What's the end goal? just to have a complete copy that can be accessed
from map reduce?
Maybe you should do periodic dumps from a prod slave to e.g. csv and
then load that into HDFS after each run.
On Thu, Oct 17, 2013 at 6:23 PM, Dan Andreescu <dandreescu(a)wikimedia.org> wrote:
drdee mentioned a way to pass a comment with select
statements to make them
lower priority, is this documented somewhere?
I imagine you could either
* take a slave out of rotation during a non-peak time of day
* use a tampa slave in case the sites are using only eqiad hosts
(would need to double check that it's actually not in rotation) (I
guess take a host that's in
https://noc.wikimedia.org/dbtree/ but not
in
https://noc.wikimedia.org/conf/highlight.php?file=db-eqiad.php and
then double check with springle)
* or both
Depends on how heavy your use would be.
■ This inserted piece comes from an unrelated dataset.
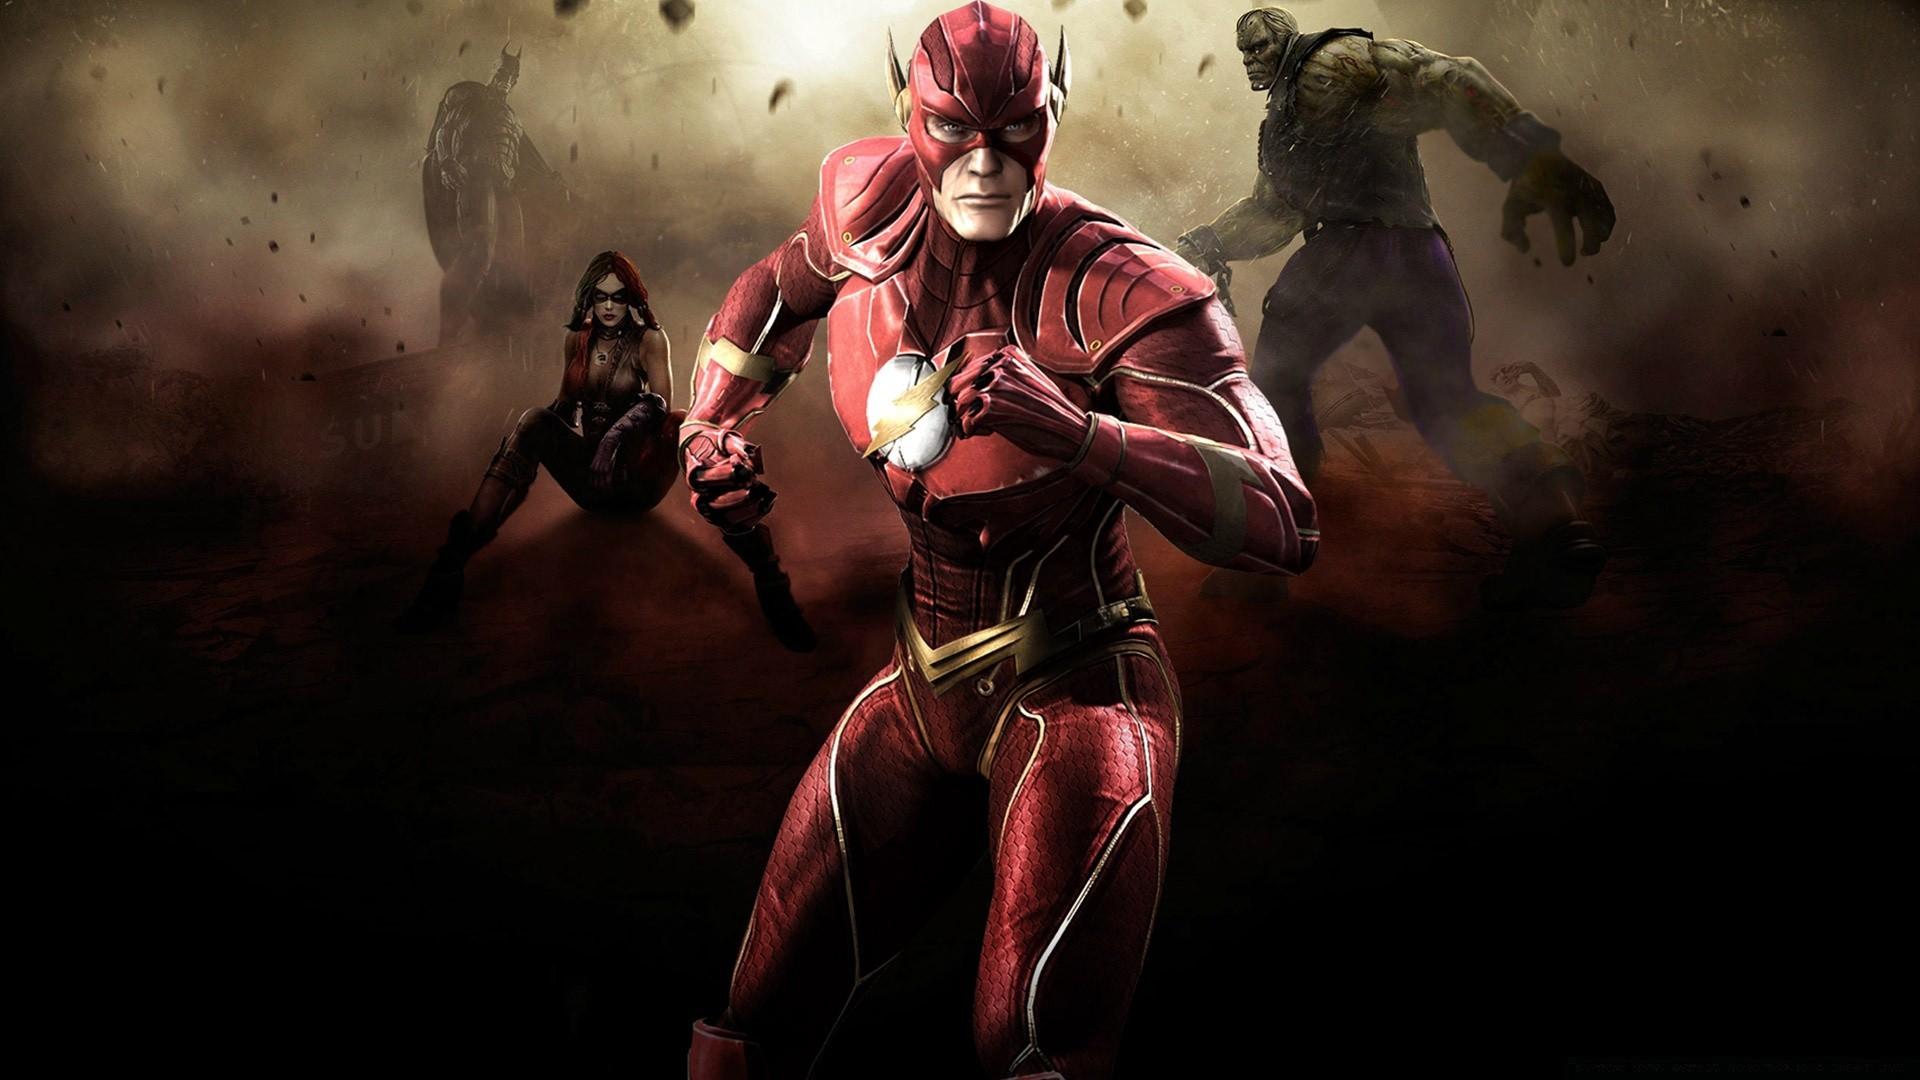 Download giochi flash

I guess the comment method may
also work but it couldn't take as much load as the other methods
above. Maybe better to just not risk degrading prod at all.
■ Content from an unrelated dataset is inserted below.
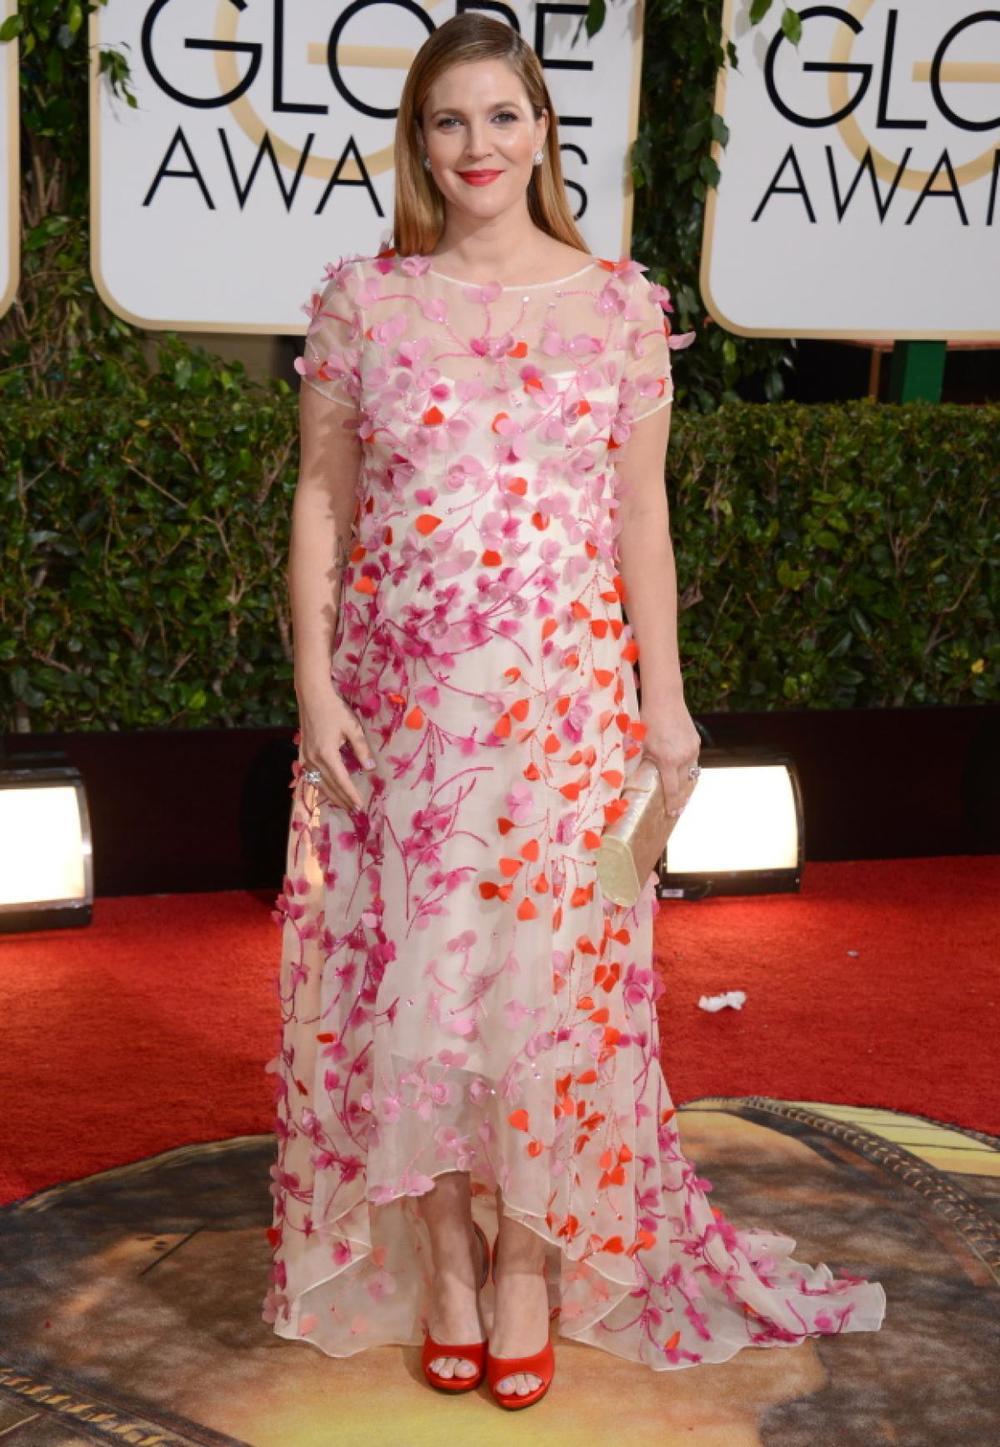 Drew Barrymore in flower-adorned Monique Lhuillier frock!

Could we just stand up the MySQL backups and import
them?
Sure, but if hot spares are sitting idle then maybe easier to use them instead.
Could we import from the xml dumps?
I'm not sure how much might be missing from those (although I guess
you could also get access to the private XML parts)
Is there a way to do incremental importing once an
initial load is done?
I guess this may be related to the incremental dumping that was part
of GSoC this year. Not sure what the status is there.
-Jeremy